The fifth is the 2026 newcomer. Agentic Browsing arrived with Lighthouse 13.3 in May and measures something different: whether an AI agent can read your website and operate it, for instance filling in a form or following a purchase flow. It reports a ratio of passed checks rather than a score out of 100, and Google marks it as experimental. Most websites do not pass it yet; if you want to know where yours stands, we built a free two-minute Agentic Browsing test.

The recipe: seven engineering decisions

1. The HTML arrives with the content inside

kiwop.com is served rendered from the server: the HTML the browser (or the crawler, or the agent) receives already contains all the content. No waiting for a JavaScript framework to paint the page on the client. This single decision supports Performance, SEO and half of Agentic Browsing at once.

The how: Astro renders on the server (Node 24 and PM2 in cluster) and ships the HTML already assembled. Neither the content nor the links depend on the browser running JavaScript, so a crawler or an agent with no JS engine reads the whole page just like you do.

2. The LCP element is text, visible from the first frame

The most common mistake we see in audits: a hero with a fade-in that delays exactly what Google measures. Our H1 is visible from the first frame, with no entrance animations and no waiting for the font (font-display prevents the typographic reflow). Result: Largest Contentful Paint at 1.7 seconds on an emulated phone with a slow connection.

The how: The H1 ships with its final colour from the first frame (no opacity 0 with a fade-in) and the font uses font-display optional so there is no reflow on load. The element Google measures as LCP is painted before the decorative CSS even arrives.

3. Total Blocking Time 0: JavaScript waits until you need it

The page runs barely any JavaScript at startup, and everything decorative (animations, counters, the generative hero background) activates only when the user interacts or the element enters the viewport.

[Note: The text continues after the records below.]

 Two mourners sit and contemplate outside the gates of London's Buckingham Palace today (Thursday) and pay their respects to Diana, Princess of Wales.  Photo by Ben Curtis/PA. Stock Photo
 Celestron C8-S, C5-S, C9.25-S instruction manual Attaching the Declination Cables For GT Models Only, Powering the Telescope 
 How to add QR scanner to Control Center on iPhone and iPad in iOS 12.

The main thread stays free: 0 milliseconds blocked.

The how: The JavaScript behind animations and counters does not run at startup: it wakes up with requestIdleCallback or when it enters the viewport. The main thread is free at the exact moment Lighthouse measures blocking, and Total Blocking Time stays at 0 ms.

4. CLS 0: nothing jumps

Every image and embed has explicit dimensions, anything injected has its space reserved, and fonts load without reflowing the text. A stable layout is no longer just visual comfort: with Agentic Browsing, a button that moves is an agent click that fails.

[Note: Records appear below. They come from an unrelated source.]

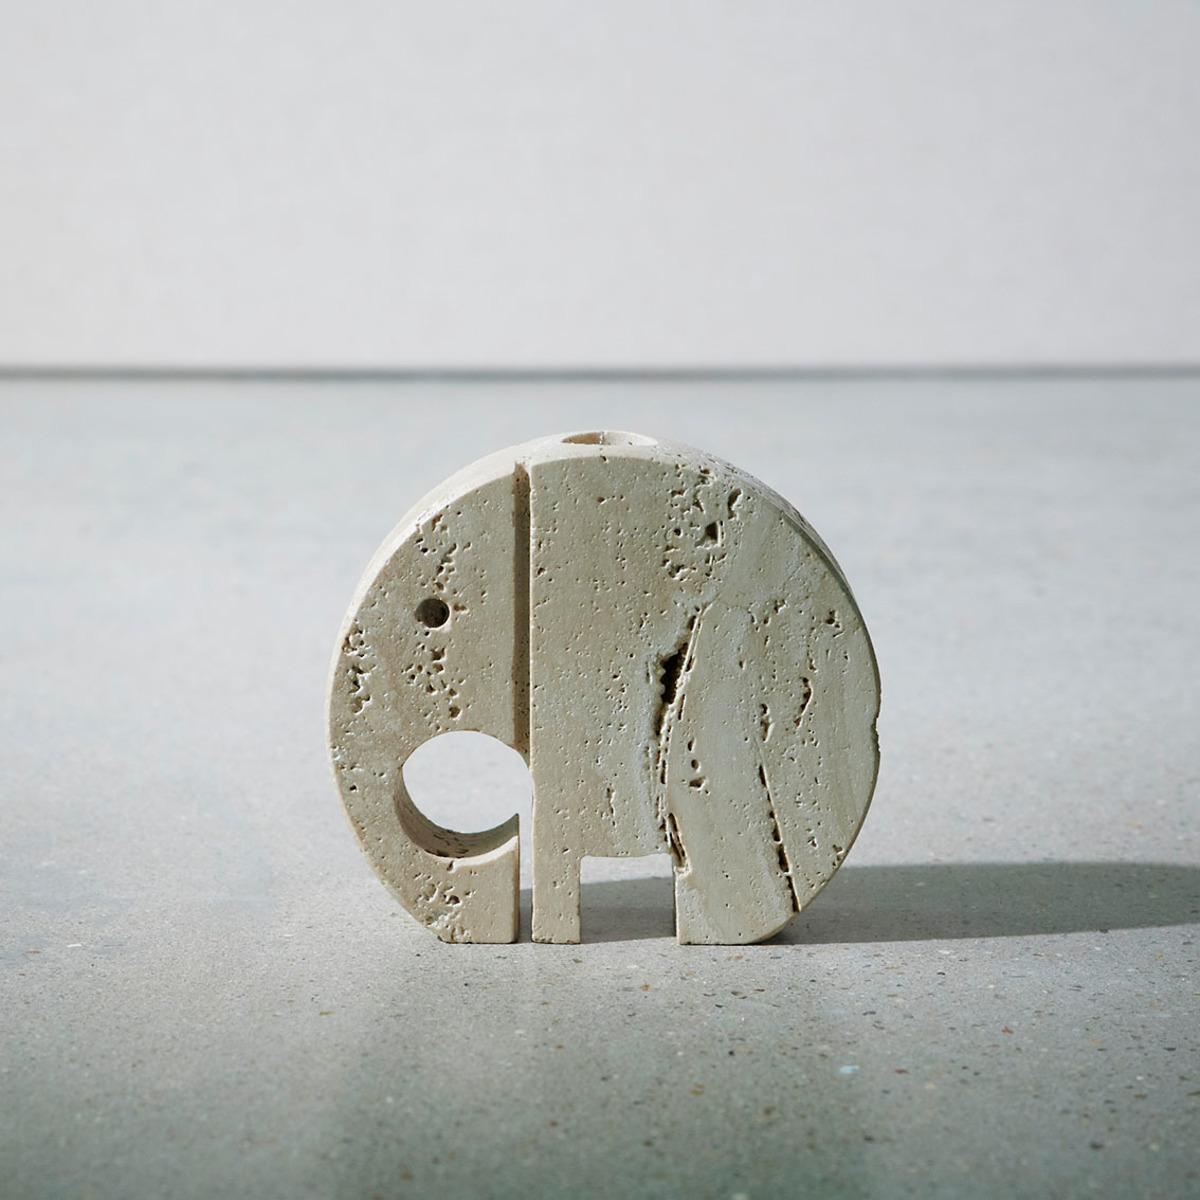 Elephant candle holder in Travertine by Fratelli Mannelli

Elephant candle holder in genuine travertine.

Additional information:
Material: Travertine
Artist: Fratelli Mannelli
Size: 12 W X 3 D X 12 H cm.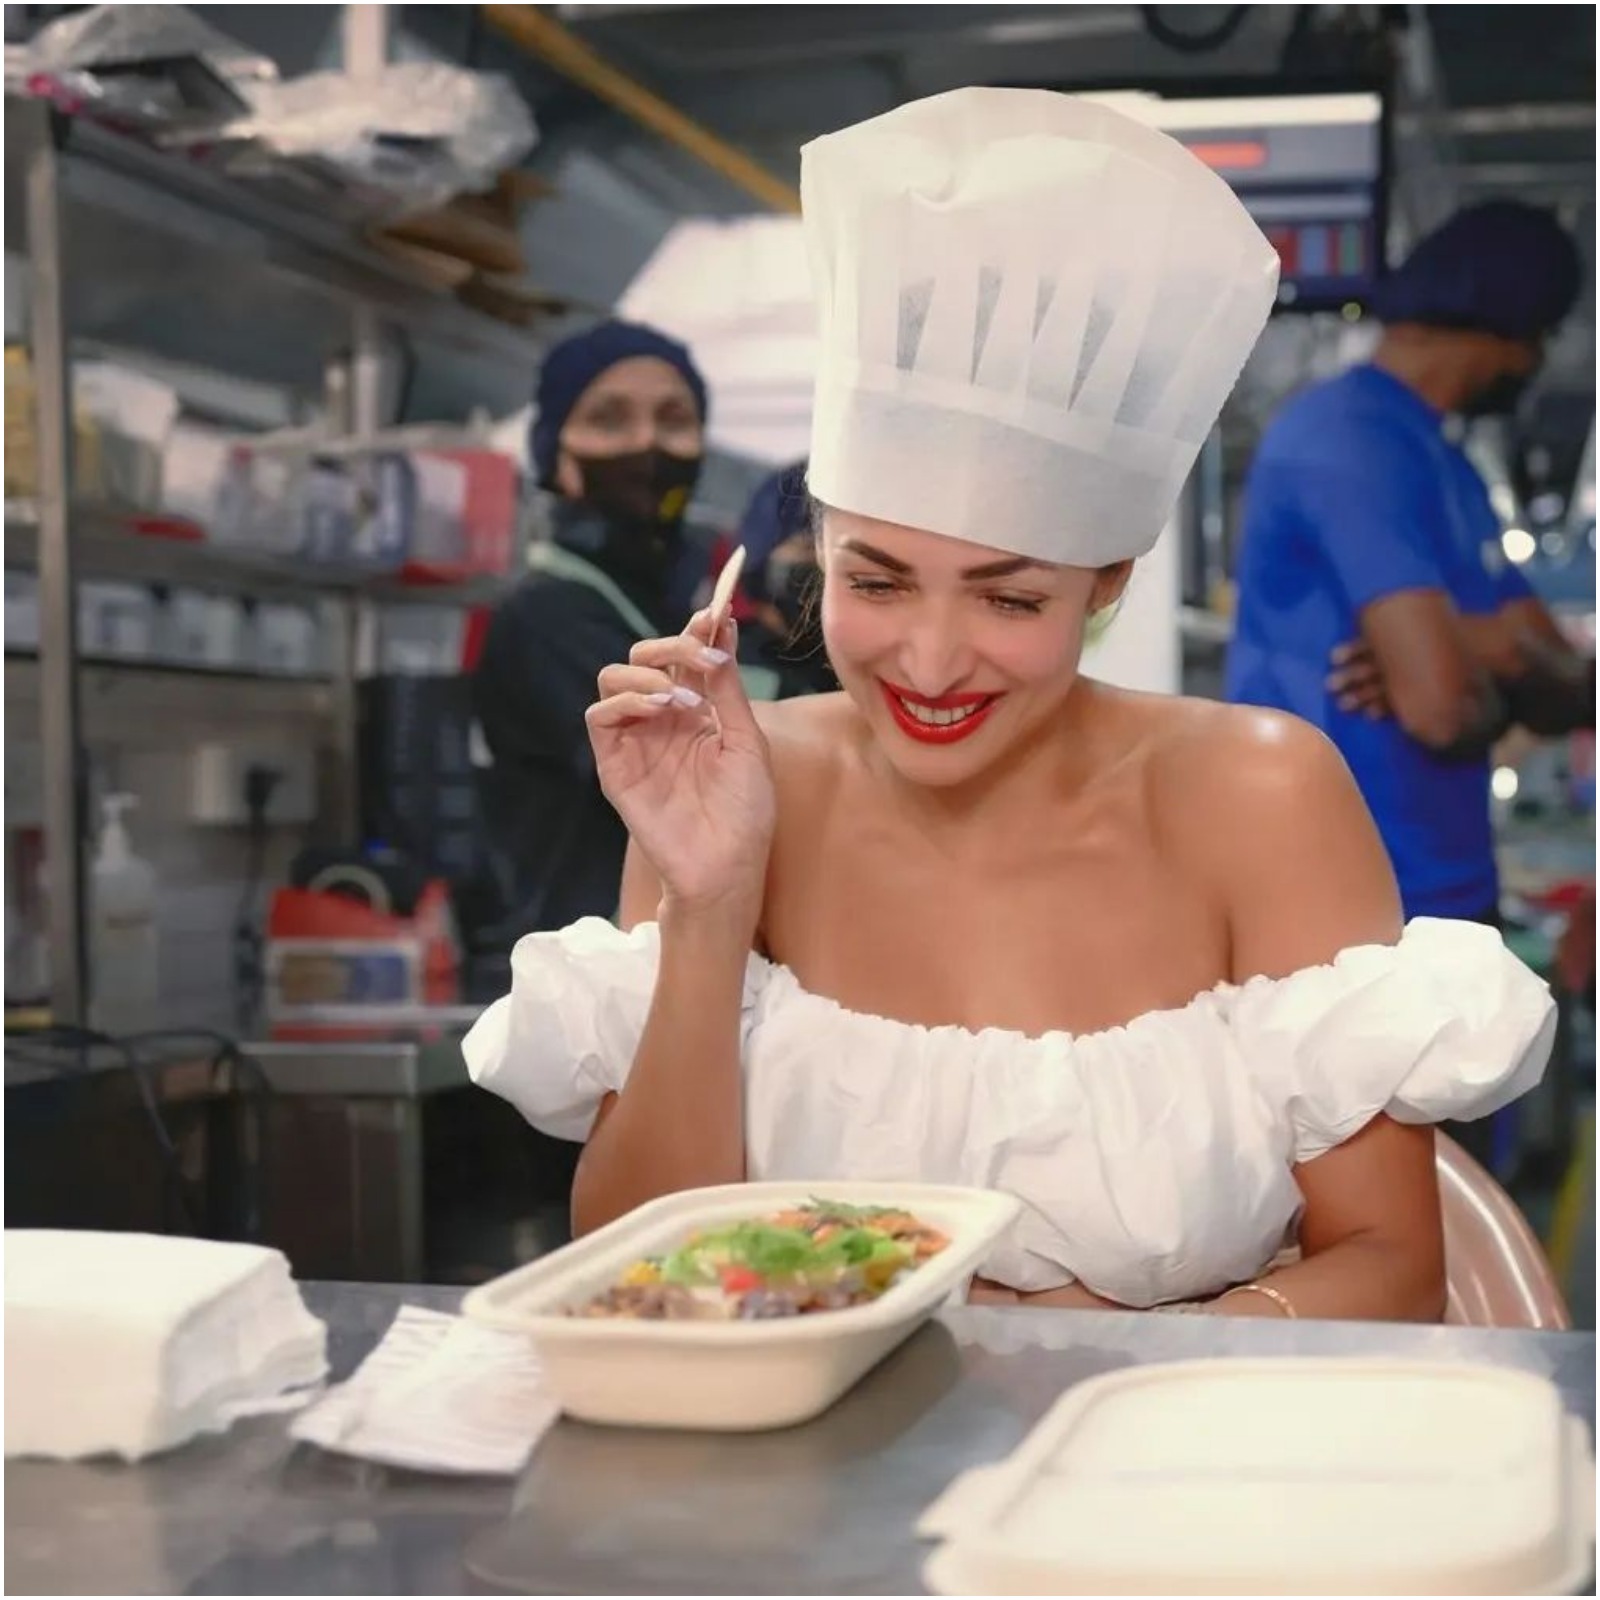 Malaika Arora seen donning the chef's hat while visiting her restaurant.

The how: Every image carries width and height in the HTML, fonts reserve their space and nothing is injected above already-painted content. The layout does not move a single pixel after the first render.

5. AVIF images negotiated at the server

The HTML references the classic image (.jpg) and the server delivers the AVIF version when the browser accepts it. Same URL, 60% to 80% less weight, zero changes in the page code.

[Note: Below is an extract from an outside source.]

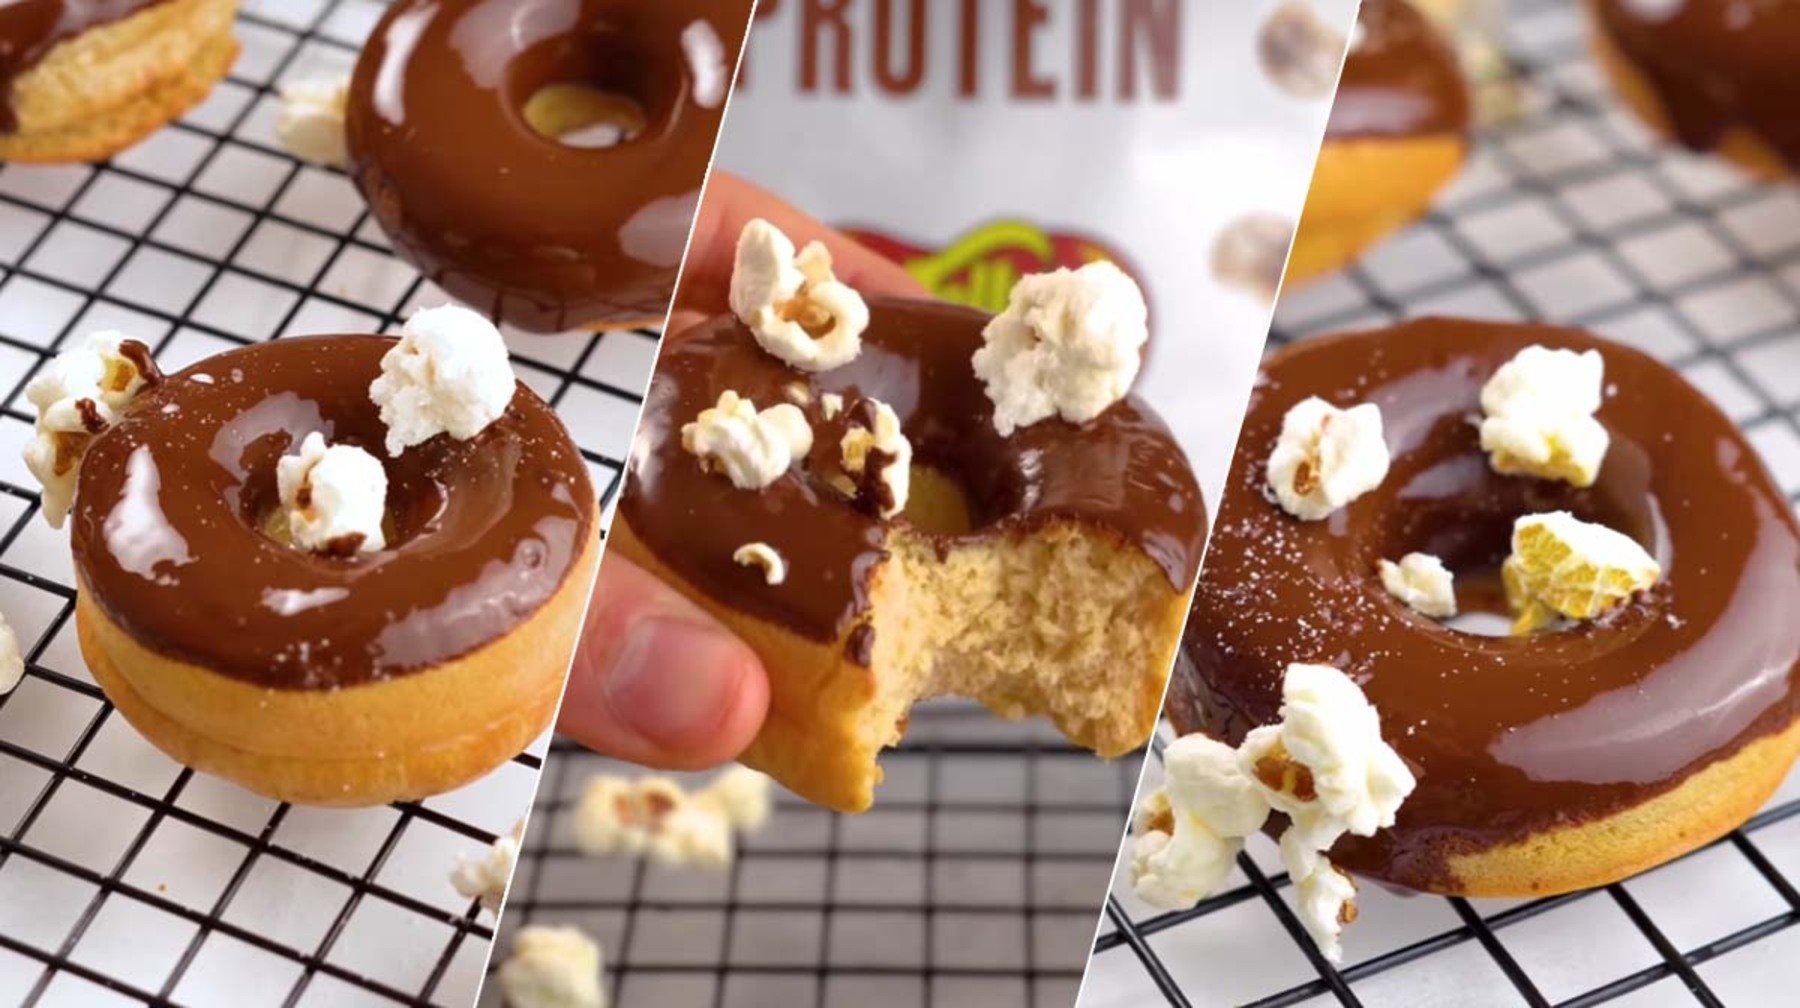 Jelly Belly Toasted Marshmallow Donuts

The how: nginx keeps image.jpg.avif next to the original and, when the browser sends Accept image/avif, serves it instead with Vary Accept. The HTML never changes: the img src always points to the .jpg and the negotiation happens on the server. An AVIF weighs about half its JPEG equivalent.

6. Layered caching in front of rendering

Between the database and the visitor there are several cache layers (application, server render and CDN), each with its own invalidation policy. The practical effect: almost every visit receives pre-cooked HTML, milliseconds away from the user.

The how: Payload caches in memory, Redis stores the render with stale-while-revalidate, nginx caches the SSR HTML and Cloudflare serves it from the edge. The visitor almost never touches the database: they get bytes that were already prepared.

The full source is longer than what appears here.